In 2018, Kela launched a weekly podcast featuring interviews with artists and figures from street culture. The series includes discussions with musicians, graffiti writers, and fashion designers regarding their creative processes and influences.

In 2019, Kela created the Killa Kela Livestream show, the home for street culture with guests that included; Dynamo, Goldie, Basement Jaxx, Shola Ama, Kurrupt FM, Bob Vylan, Terry Walker, Deno Driz, Raekwon (Wu-Tang Clan) Example & The Stanton Warriors.

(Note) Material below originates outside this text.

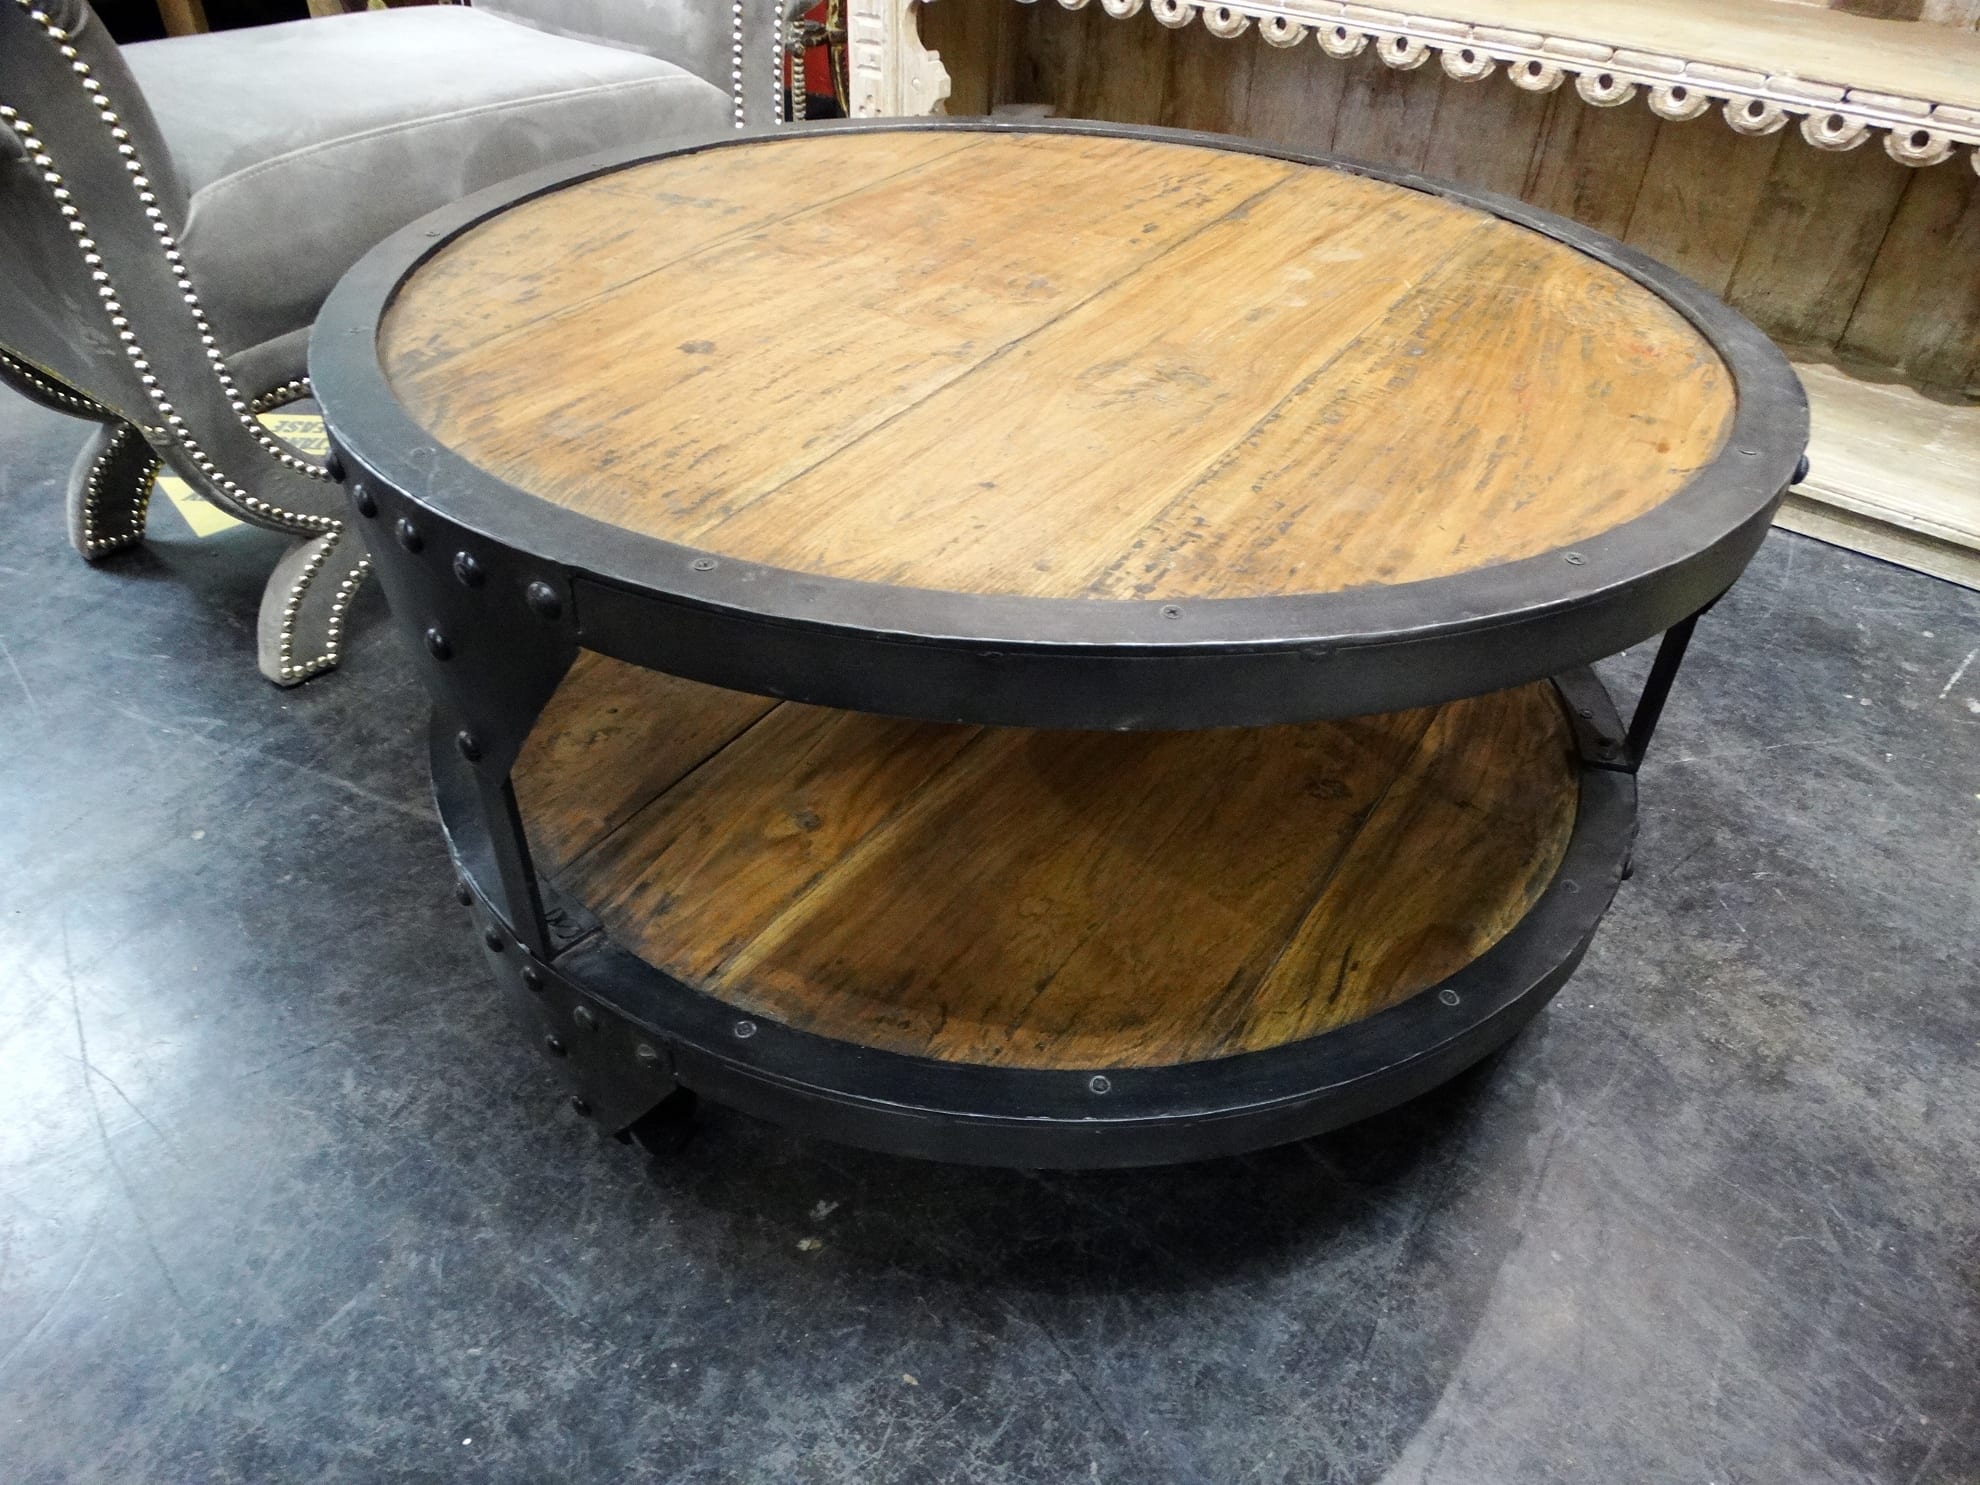 Details about   River Coffee Table Vintage Industrial Furniture Handmade Round Resin Glass Solid 
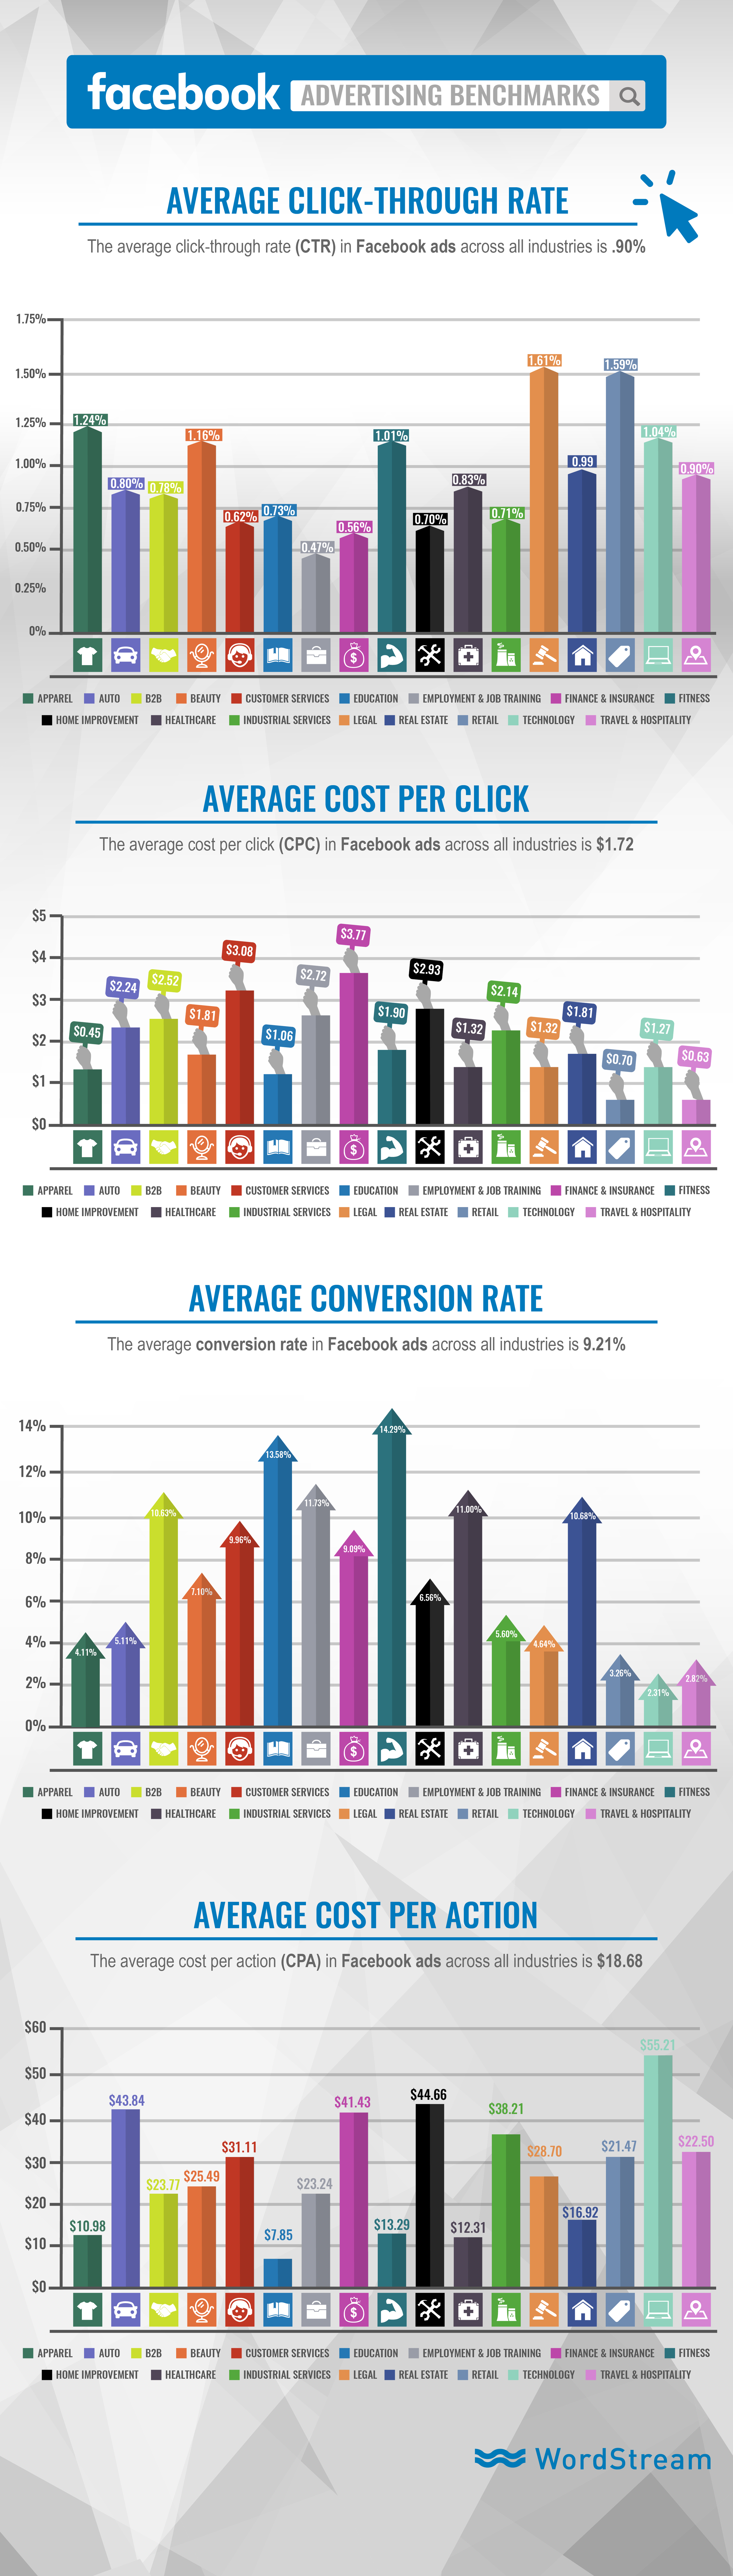 facebook ad performance benchmarks

Kela has gone on to create the Kelavision App, with the inclusion of weekly mini docs, the Kelavision DJ team and more, servicing the world of music and competitive street culture.

==Discography==
- Antistatic Mouthwash mix tape (2000)
- Heavy Artillery – All Terrain Series (2001)
- Crop Circles – All Terrain Series (2001)
- Permanent Marker (2002)
- For Those Who've Joined Us (2003)
- Jawbreaker (2003)
- Elocution (2005)
- Secrets (2005)
- Days That Shook The World Mix CD (2006)
- Reveal Your Inner Self (2007)
- Ontourvandamage Mix CD (2008)
- NightWatcher (2008)
- Built Like An Amplifier (2009)
- Everyday single (2010)
- Amplified! released through 100% Records (2010)
- Killa Kela & Eklips "Crowd Control" EP (2013)
- Them&Us "All Dolled Up EP" through Rubbaduck records (2014)
- Them&Us and Stanton Warriors "Cut Me Up" through Punks Records (2015)
- Them&Us "Chapter One: And So It Begins" EP Through Mermaid Punk/Them&Us (2015)
- Them&Us "Chapter Two: The Great Escape" EP Through Mermaid Punk/Them&Us (2015)
- Them&Us "Chapter Two: The Great Escape" EP (The Beatbox Version) Through Mermaid Punk/Them&Us (2015)
- Them&Us "Chapter Three: Icarus" Through Mermaid Punk/Them&Us (2016)
- Killa Kela "Body Parts" Through Splice (2018)
- Killa Kela & Yunis "Smoke The Hydro" (2018)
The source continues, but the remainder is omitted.